Когда старик Смоллуэйс умирал, его сын Том сказал:

-- А ведь когда он был молод, ничего не было выше наших труб - ни одной проволоки, ни одного каната не висело в небесах!

Теперь же густая сеть проводов протянулась над Бен-Хиллом, где электрическая компания поставила трансформаторы и соорудила электрическую станцию около старого газового завода. Ветвь однорельсовой дороги прошла и в Бен-Хилл. Кроме того, каждый местный житель обзавелся телефоном - его можно было найти почти в каждом доме.

Колонны, к которым был прикреплен рельс новой дороги, представляли собой мощные железные сооружения, выкрашенные в темно-голубой цвет. Сооружения эти резко выделялись на общем фоне городского пейзажа. Одна такая гигантская колонна возвышалась как раз возле домика Тома, подавляя его своей величиной, а другая - в углу его огорода. Тут же находились две огромные доски с рекламами. Одна из этих реклам рекомендовала дешевые часы, другая - средство для укрепления нервов, причем обе доски были поставлены почти горизонтально для того, чтобы пассажиры, проезжающие в однорельсовых вагонах, могли читать эти объявления. Таким образом, рекламы служили крышей для навеса, где лежали садовые инструменты Тома и хранились грибы. И днем, и ночью над головой Тома быстро проносились вагоны - длинные, комфортабельные, ярко освещенные в темноте. Они мчались ночью из Брайтона и Гастингса, сопровождаемые грохотов, и улицы внизу на мгновение освещались как во время грозы.
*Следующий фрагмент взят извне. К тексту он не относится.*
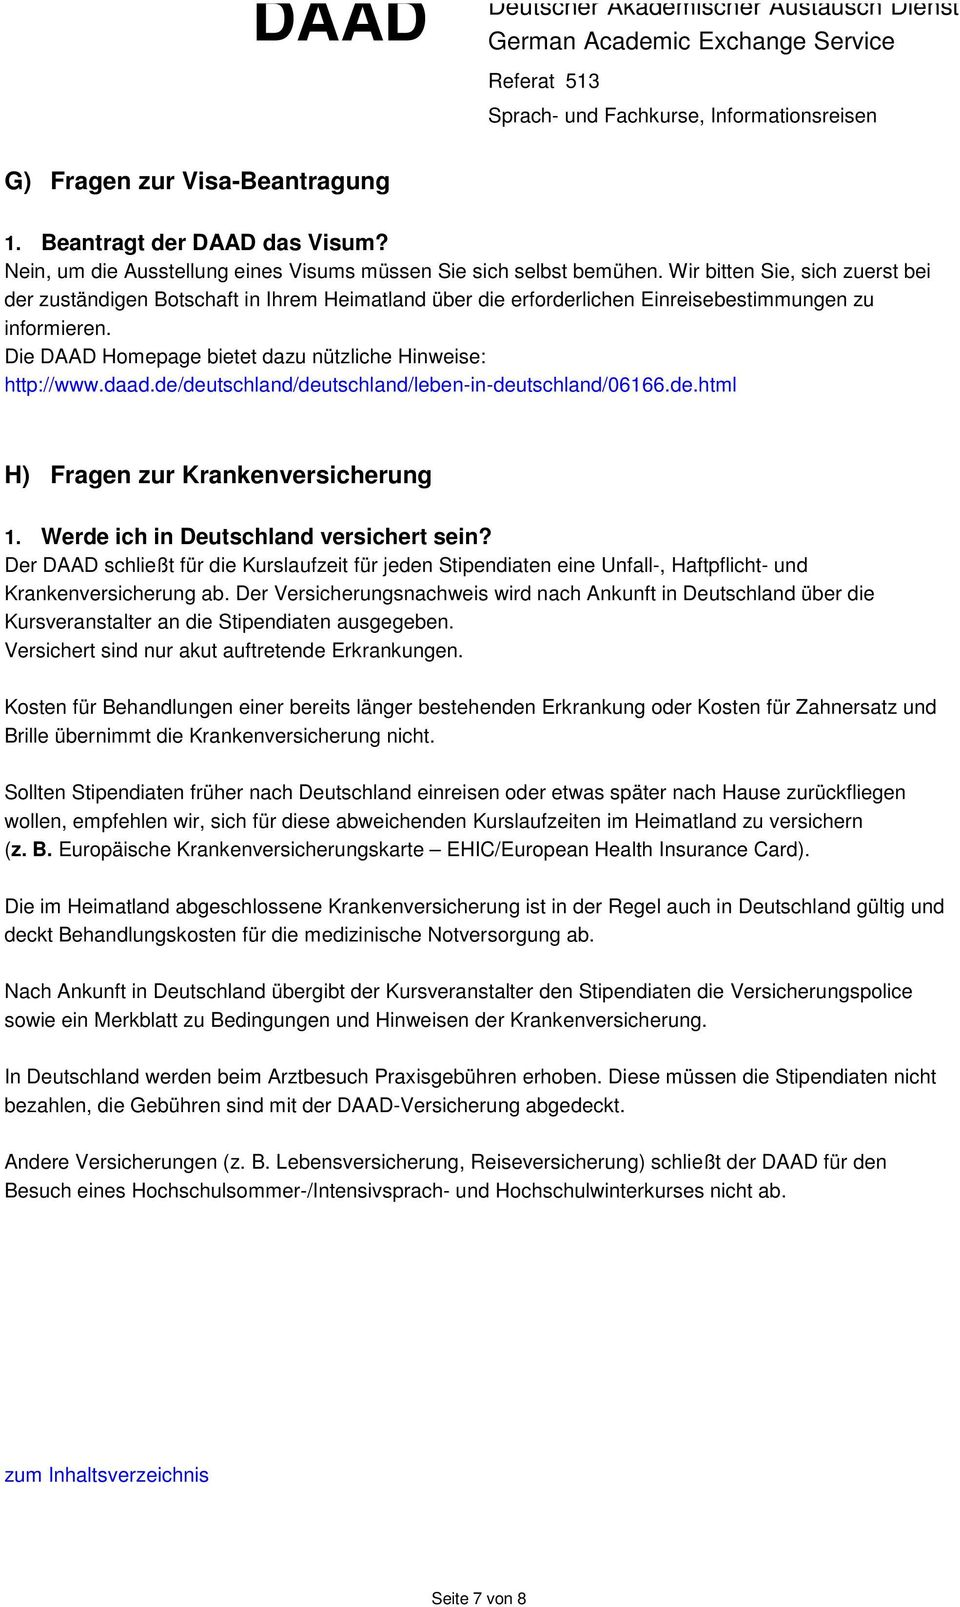 daad.de/deutschland/deutschland/leben-in-deutschland/06166.de.html H) Fragen zur Krankenversicherung 1. Werde ich in Deutschland versichert sein?

Такая же однорельсовая дорога была проложена и через Ла-Манш. Огромные железные сооружения, величиной с Эйфелеву башню, возвышались на пятьдесят метров над водой. Посередине пролива они были сделаны еще выше для того, чтобы дать проход пароходам Антверпенской и Гамбургско-Американской линий.

Наконец и тяжелые товарные вагоны стали передвигаться только на двух колесах, вместо четырех. Это обстоятельство почему-то особенно сильно взволновало Тома, и он целый день ходил мрачный после того, как первый такой вагон промчался над его лавочкой.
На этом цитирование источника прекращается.